For those who didn't enjoy this show, wasn't the title a bit of a giveaway as to it being just a little bit dark? Lawrence has that magical power of many great comedians - to split an audience down the middle. His is a dark and twisted world of familial cannibalism, sibling incest and murderous intent. Don't say you weren't warned.

Lawrence looks like the bastard son of Charlie Chuck with his long ginger hair lightly backcombed and his pale features, yet his voice is more Tom Waits choking on a mouthful of gravel. Despite the pre-scripted nature of the show and the sociopath persona Lawrence shows that he can banter, if cruelly, with the crowd; he asks someone what time he gets up in the morning. '7.30.' 'Ah sometimes,' he dreams wistfully, 'I set my alarm at 7.30, then turn over and go back to sleep chuckling to myself.'

Into the show and from the first comment about talking dirty to Granny up to his final routine about the desperation of hope, Lawrence doesn't drop his sick weirdo person once.

Lawrence is a fine storyteller with a magnificent turn of phrase that can't be faulted. He tells of when his mother met his father and where he was conceived, we learn it was in the greasy public toilet cubicle that she was cleaning and where and where 'her hair is scented with Harpic.' Elsewhere he sounds like an upper-class inbred 'never visit the sister at work,' he screeches.

His songs, too, are well crafted and could pass in the darker corner of the indie/alternative section of Fopp if he wasn't singing of how he killed his mother and ate her ­ even Nick Cave hasn't plunged those depths.
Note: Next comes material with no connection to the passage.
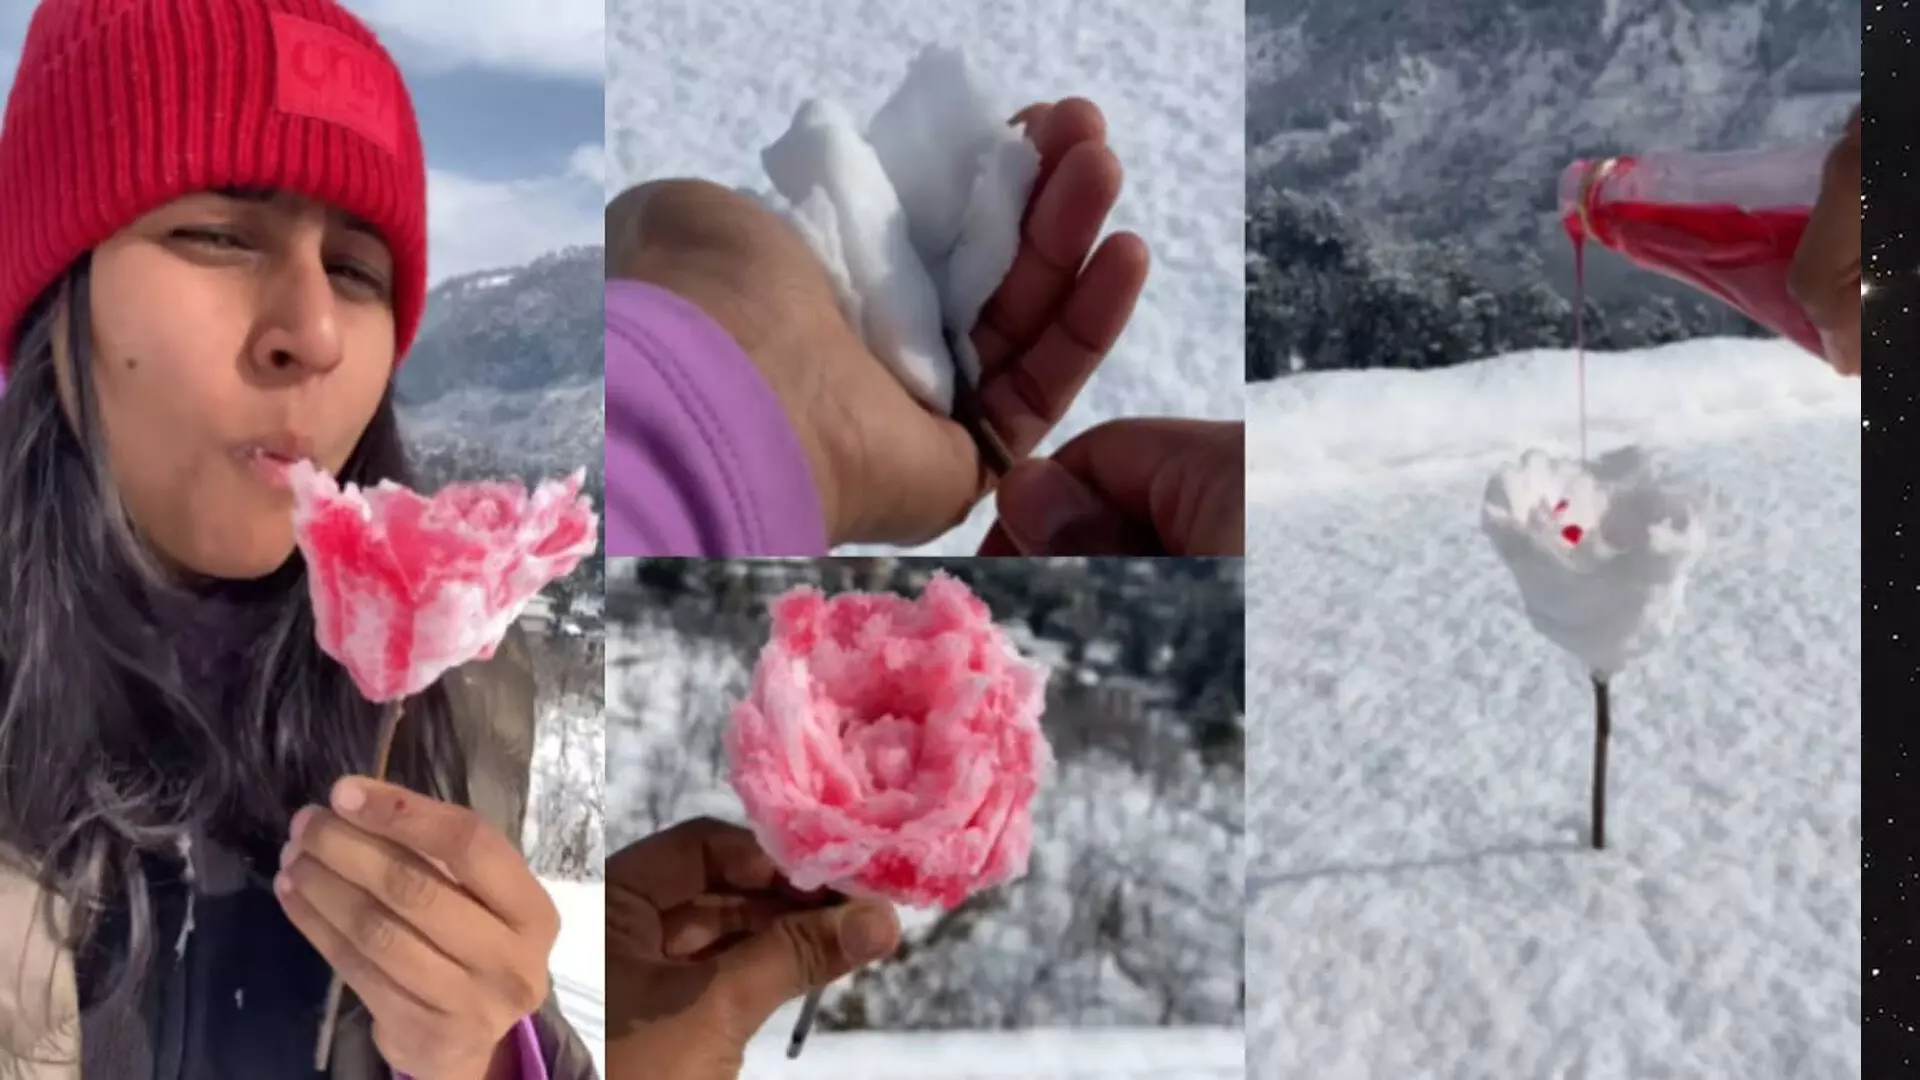 बर्फ से तैयार की गुलाब की आइसक्रीम, गोले की तरह खाया, देखें वीडियो...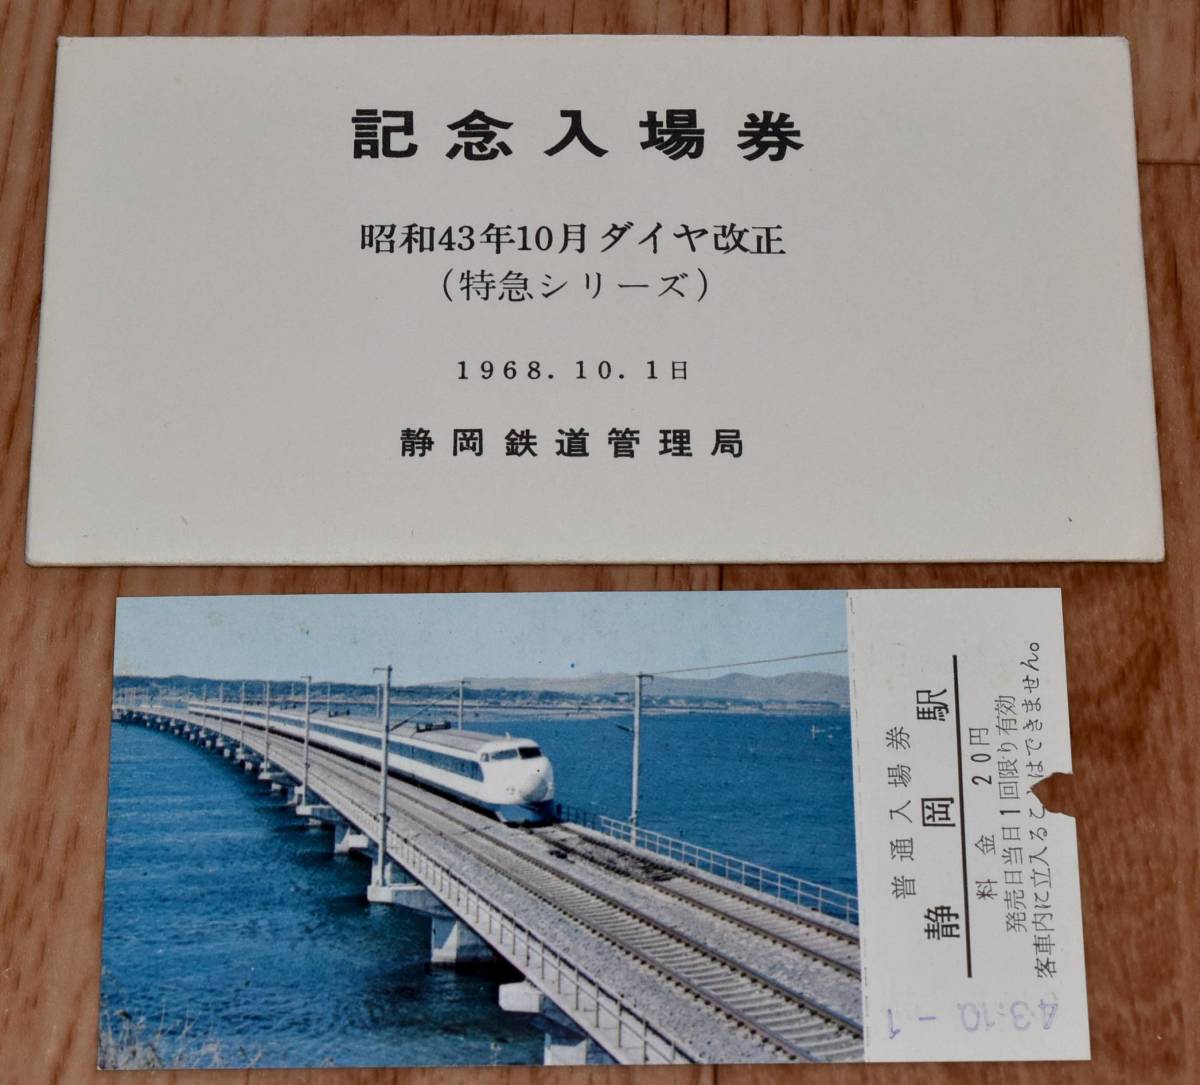 国鉄 静岡鉄道管理局 昭和43年10月ダイヤ改正記念入場券 特急シリーズ

Other songs are on more ordinary topics such as his horrible car and hating working in the library but rest assured all are given his unique unhinged slant.

Elsewhere he takes being a ginger child jokes to a deeper level as he is mercilessly rejected by his parents who preferred something more 'blonde, Chinese or donkey' and is tragically dumped in a KFC bucket.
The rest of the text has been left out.